Рассудок мой – если я не обманываю себя – нисколько к этому причастен не был. Идеальное – разве только я себя совсем не знаю – ни в чем не воздействовало на мои убеждения, и ни мои поступки, ни мои мысли не были окрашены – или я глубоко заблуждаюсь – тем мистицизмом, которым было проникнуто мое чтение. Твердо веря в это, я полностью подчинился руководству моей жены и с недрогнувшим сердцем последовал за ней в сложный лабиринт ее изысканий. И когда… когда, склоняясь над запретными страницами, я чувствовал, что во мне просыпается запретный дух, Морелла клала холодную ладонь на мою руку и извлекала из остывшего пепла мертвой философии приглушенные необычные слова, таинственный смысл которых выжигал неизгладимый след в моей памяти. И час за часом я сидел возле нее и внимал музыке ее голоса, пока его мелодия не начинала внушать страха – и на мою душу падала тень, и я бледнел и внутренне содрогался от этих звуков, в которых было столь мало земного. Вот так радость внезапно преображалась в ужас и воплощение красоты становилось воплощением безобразия, как Гинном стал Ге-Енной.
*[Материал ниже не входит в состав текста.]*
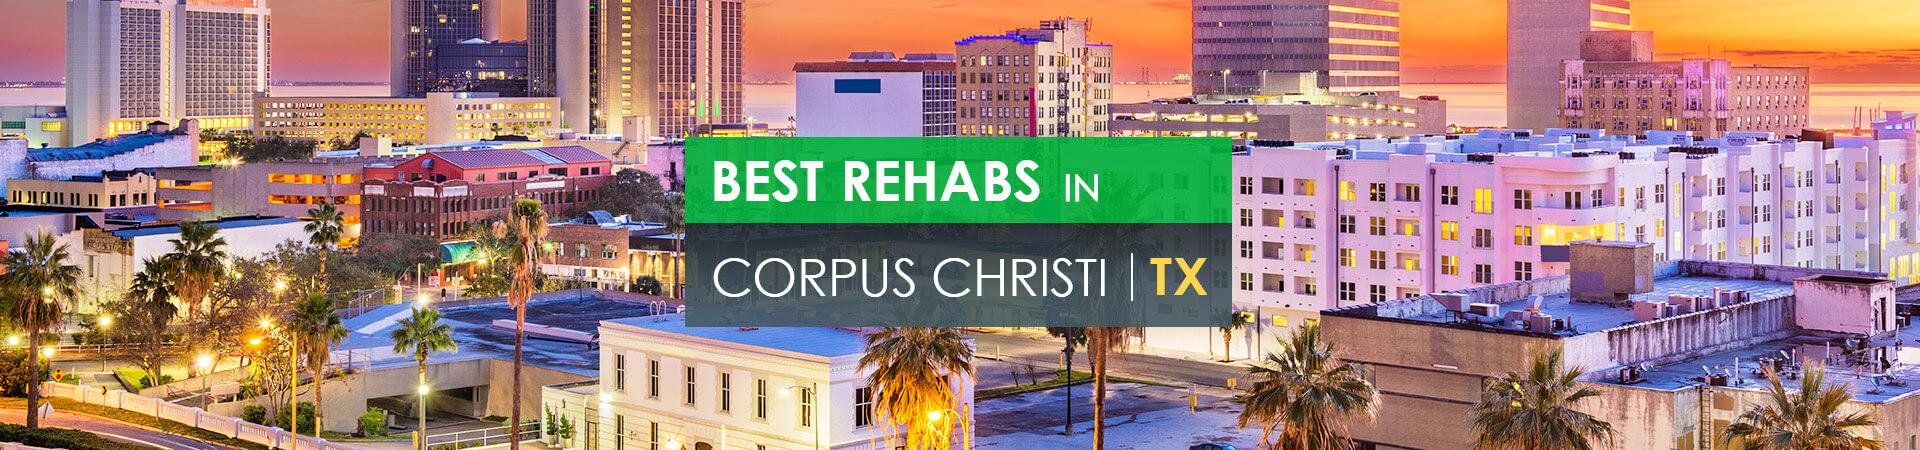 Best rehabs in Corpus Christi, TX

Нет нужды излагать содержание этих бесед, темы которых подсказывали упомянутые мною трактаты, но в течение долгого времени иных разговоров мы с Мореллой не вели. Люди, изучавшие то, что можно назвать теологической моралью, легко представят себе, о чем мы говорили, непосвященным же беседы наши все равно не были бы понятны. Буйный пантеизм Фихте; видоизмененная [2] пифагорейцев и, главное, доктрина тождества, как ее излагал Шеллинг, – вот в чем впечатлительная Морелла обычно находила особую красоту. Тождество, называемое личным, мистер Локк, если не ошибаюсь, справедливо определяет как здравый рассудок мыслящего существа. А так как под «личностью» мы понимаем рациональное начало, наделенное рассудком, и так как мышлению всегда сопутствует сознание, то именно они и делают нас нами самими, в отличие от всех других существ, которые мыслят. Principium individuationis, представление о личности, которая исчезает – или не исчезает – со смертью, всегда меня жгуче интересовало. И не столько даже из-за парадоксальной и притягательной природы его следствий, сколько из-за волнения, с которым говорила о них Морелла.